From my earliest days as a serious reader, I have thought of character conflict--conflict among characters and within individual characters--as central to literary art. Hamlet, for English-speakers, certainly, and only somewhat less for others in the West, is the supreme example of a conflicted character. Though variety has long been recognized in the Bible’s presentations of God’s character, this variety has been attributed not to the character himself but to the various authors of the various biblical books. They were all different; he was always the same. This is a historical rather than a literary rationalization of the variety. A literary rationalization is to interiorize that variety as character conflict. When I decided to do this, granting that it was something strange and new, I found it useful to begin by discussing a more familiar case of the same phenomenon; namely, the famous case of Hamlet.

Question:

Does it add anything to theological studies?

Answer:

It may add nothing at all, or it may add a great deal. Everything depends on the decisions of the theologians. If a theologian believes that every word in the Bible is true and that every word must also be taken as binding, as a guide to life, then he will have difficulty when I point out, for example, that God says that when a child is disrespectful to its parent, the child shall be put to death. If a theologian says, at the very opposite extreme, that the Bible is an out-of-date document and that we must base our current beliefs on current thinking, then he will have no difficulty with my book and probably also little interest in it.

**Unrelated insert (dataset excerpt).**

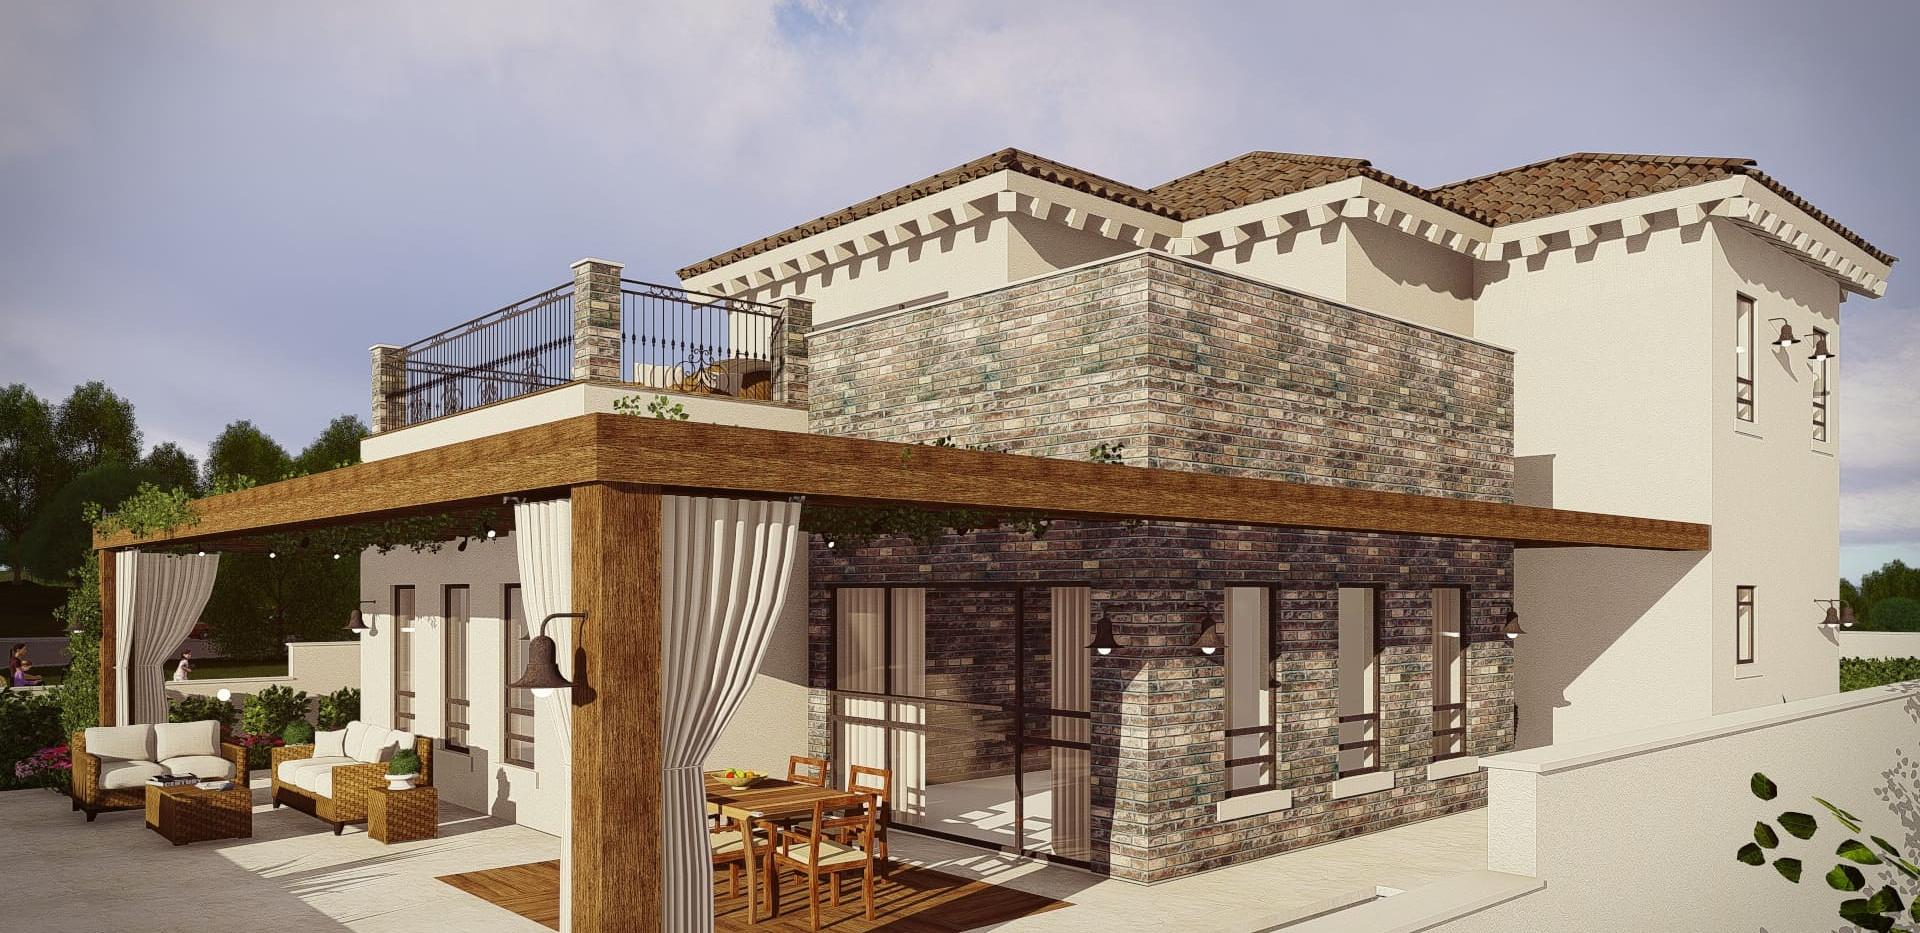 אדריכלות ועיצוב פנים במשמר דוד

Between those extremes, there are middle positions analogous to the appreciation that a man may have of his own genealogy. If my grandfather was a wife-beater, my father may also have been violent, and I may want to watch my own behavior carefully. If my grandfather was a millionaire, that will also have affected my father and me. The past always live on into the present. Just how fully it does or how normative it is is something that is partly, though never entirely, up to us.

Question:

What about the reaction of the church?

Answer:

The warmest reaction to “God: A Biography” has come from Jews because this is a book that recognizes an intellectual and, perhaps more important, an aesthetic, even artistic, unity and adequacy in the Jewish sacred scripture without the addition of the Christian New Testament. I say that we in the West have our scripture in two editions: a Jewish edition and a Christian edition, which revises the order of the Jewish edition and adds a new conclusion. Each edition is satisfying on its own terms. This is an affirmation not often made by Christians.

The reception by liberal Catholics has also been quite warm. The book was a selection of the Catholic Book Club, a liberal book club run by Jesuits in New York.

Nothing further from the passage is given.